It’s nearly here! On Saturday I will be running the Vale of Glamorgan Ultra Marathon.
It’s starting to feel real now, especially as Rhys, the race director, called me earlier to check in ahead of the weekend. He calls all the entrants and it’s such a lovely touch and makes the race feel really personal and definitely makes you feel valued.
Saturday will be the second time in three months that I’ll have run 40 miles along the Wales Coast Path. Whilst I’m really looking forward to it, it’s not been the easiest journey to get to the start line. Being ill has meant that I am no where near as prepared as I was the first time round. Fortunately, as the excitement builds this is starting to matter less now race day is a little closer. Yes, I’m concerned that my fitness isn’t where I would like it to be but I’ve covered the distance once and I know that I can do it again, even if I have to walk more than I would like.
I’m really looking forward to getting to the start line now. My bag is packed, I may have done it before but it doesn’t stop the pre-race nerves from starting early. I like to be organised so it means that I can relax the evening before. The worst thing would be to realise the night before the race that I’m missing something key.
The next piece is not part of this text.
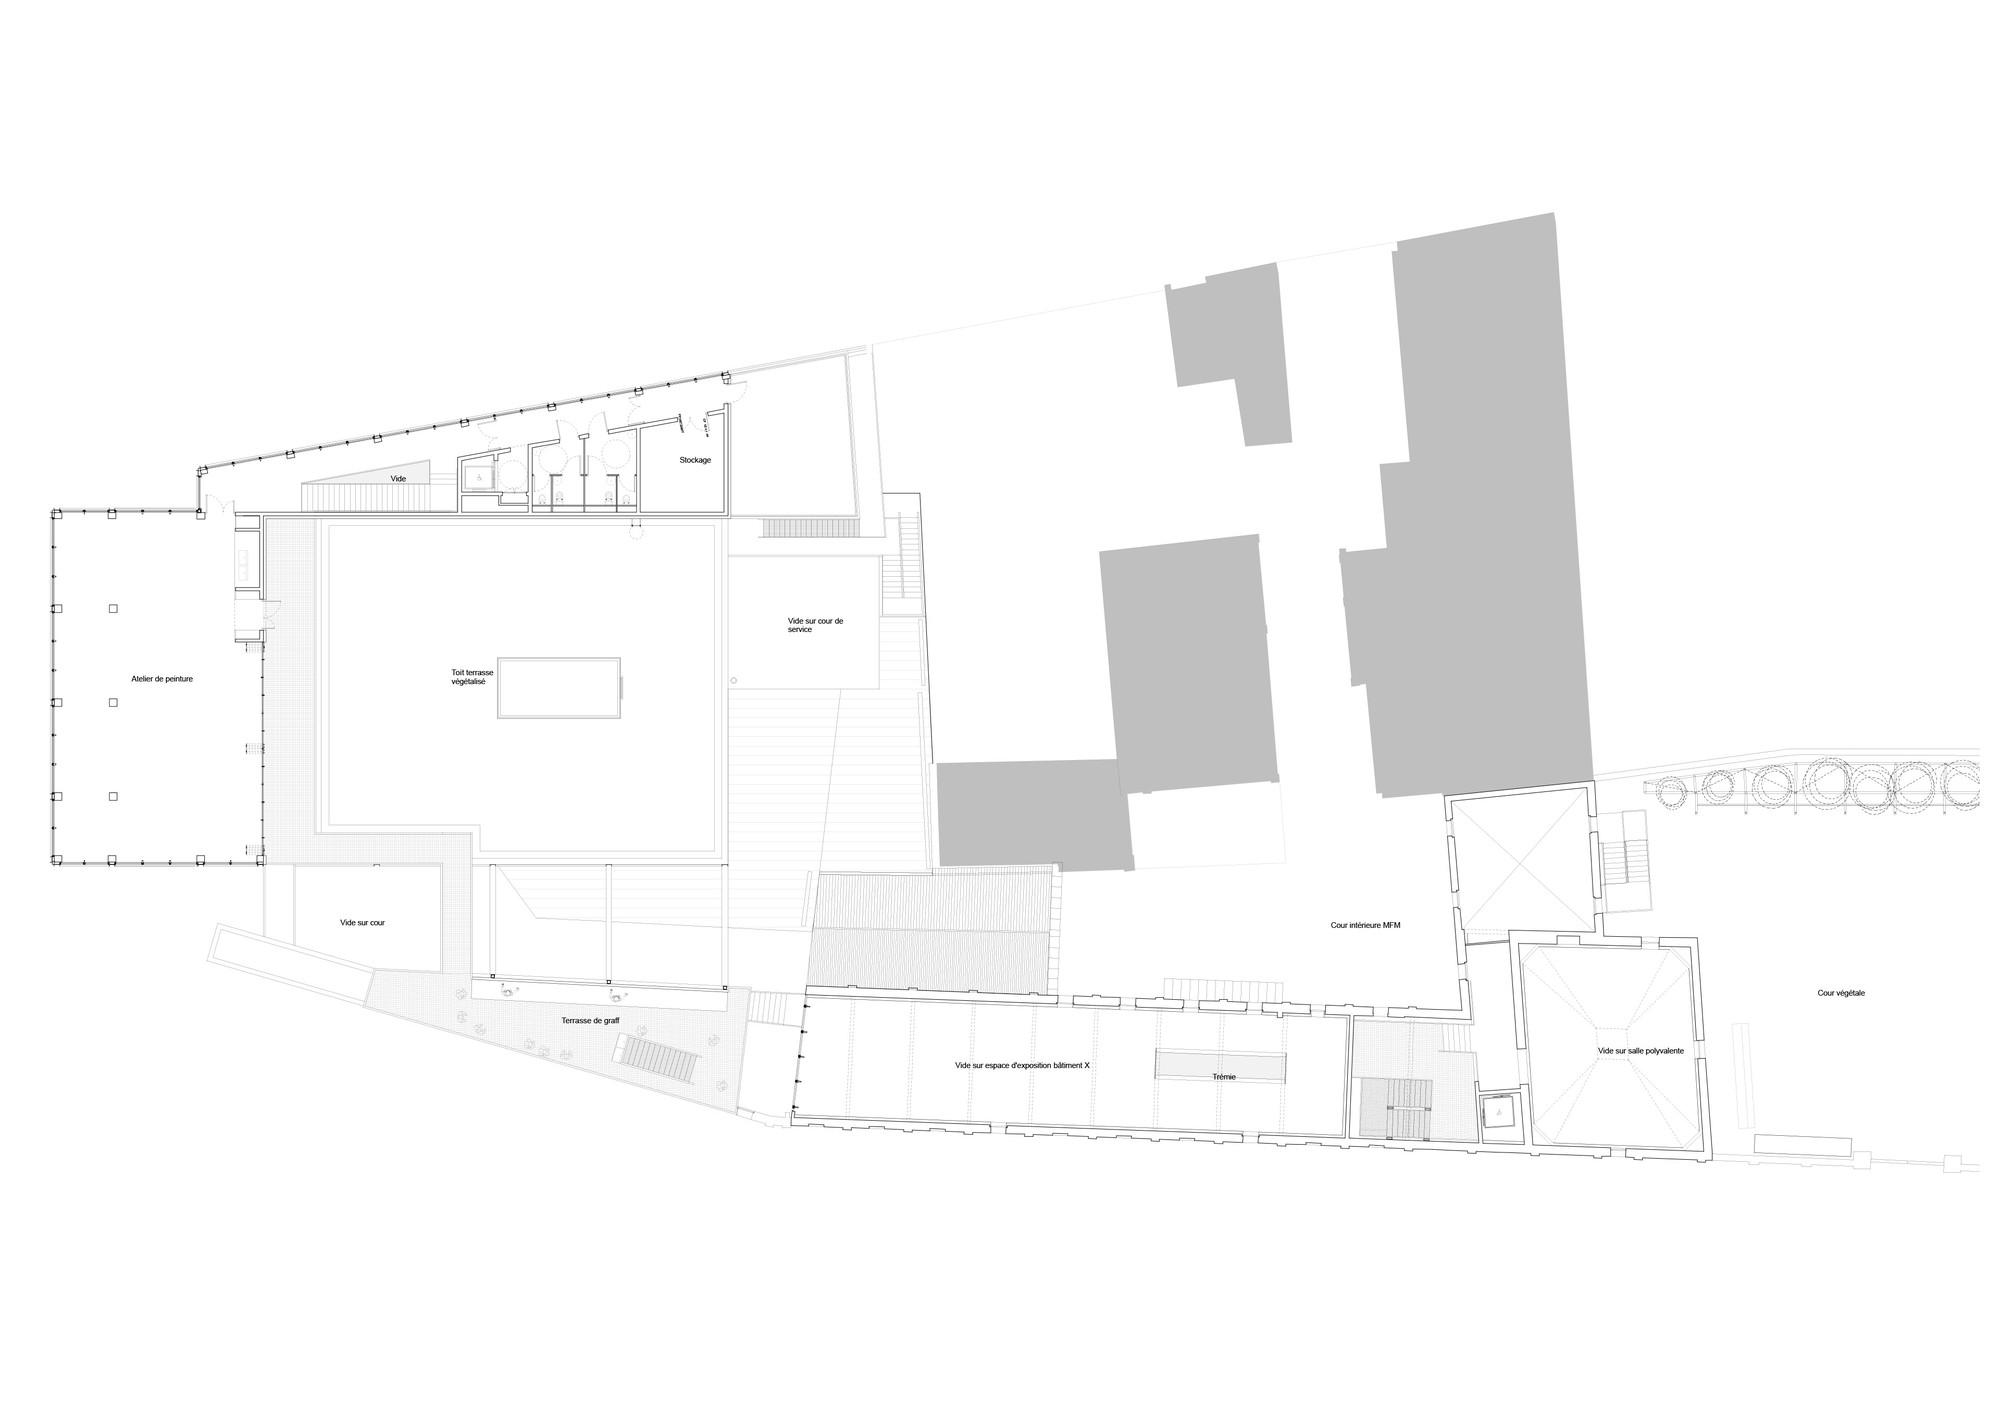 galer a de the flow atelier d architecture king kong 12. Black Bedroom Furniture Sets. Home Design Ideas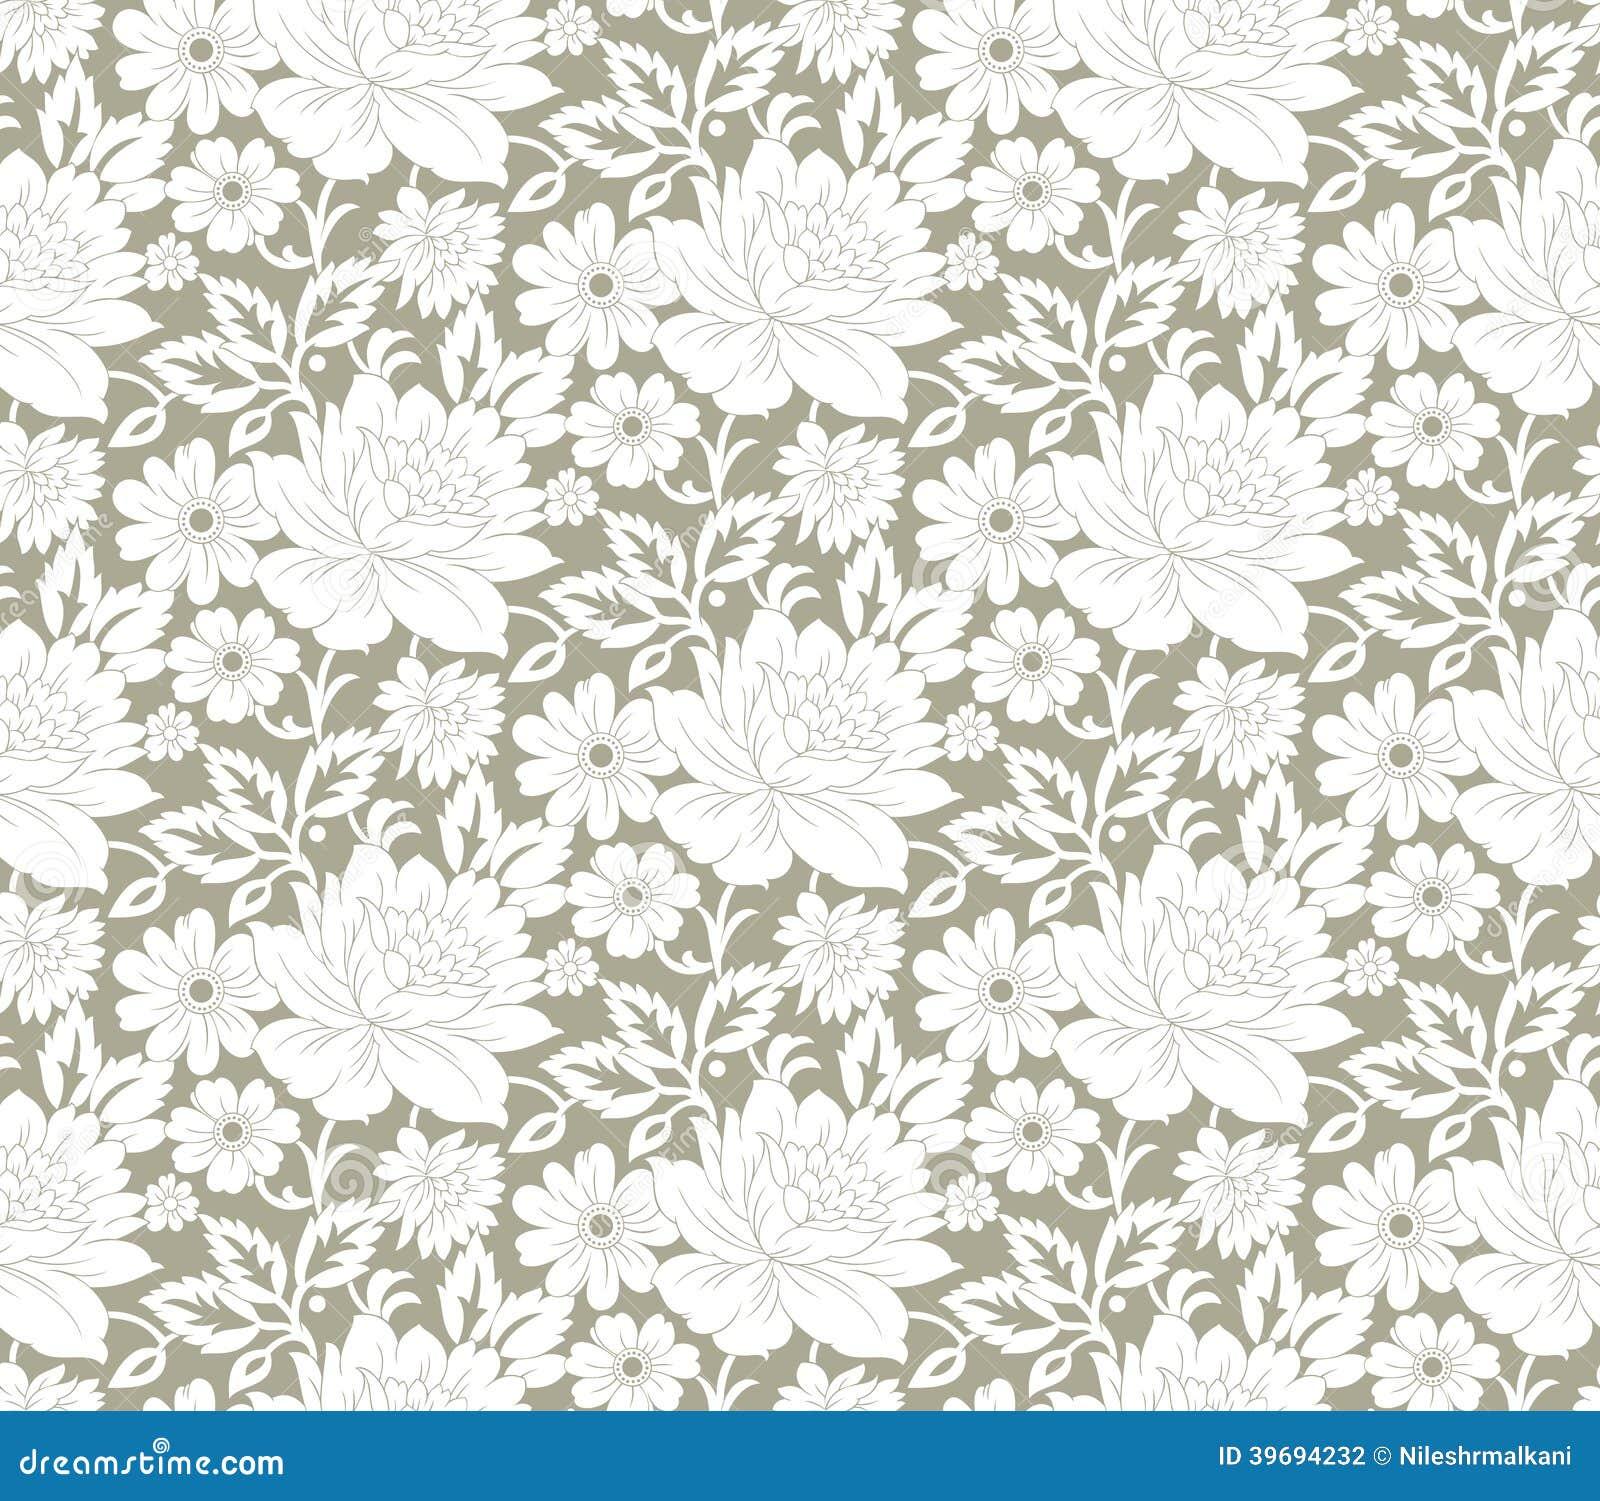 Fancy Wallpaper Floral Seamless Fancy Wallpaper Stock Vector Image 39694232

Helpfully I’ve been reading Vassos Alexander’s book Running Up That Hill in which he talks about some of the runs and races he’s completed. It’s a great read and I’d thoroughly recommend it. I’m very glad I’ve just read about the aid station etiquette! Having not completed an official ultra before I hadn’t really thought about how it would all work. Last time we hung around for as long as we fancied as it was our friends manning the stations so we wanted to spend time with them as that was part of the experience. Our race manual says that we shouldn’t stay beyond 30 minutes or we’ll be disqualified but in terms of getting drinks and eating I’d not given much thought as to how long I’d be there. It turns out that in most races the aid stations are at the bottom of a hill so you refill your bottles, grab some food and eat it whilst walking up the hill. You’d not normally run up the hills anyway so that you can conserve your energy for the bits that are more runnable. It’s something I’ll be baring in mind on Saturday.
My nutrition worked well last time so I have that in the bag as well as I know what to expect and how much to carry/ eat at the aid stations. This is definitely reassuring. Also I’m aware that I’ll not want to drink just my Tailwind so I’ll be carrying a bottle for water as well.
Also this time there’s a mandatory kit list. Something we didn’t have last time. So whereas last time we didn’t take coats with us, to be fair it was roasting the day that we ran so we’d have probably been able to ditch them even if the race was on, this time I’ll have a coat, base layer and light with me to fit in my bag.
Most of all I’m looking forward to getting out on the trail with my friends and exploring part of the path that I’ve not run on yet. Last time we started 7 miles into the route so there’s a whole stretch, including the notorious stepping stones, that I’ll be running for the first time.
I’m going to be spending as much of the next couple of days having some quiet time, well, as much as I can with two small children at home with some local walks and reading stories.
In just 36 hours I’ll be out on the course, along with lots of others.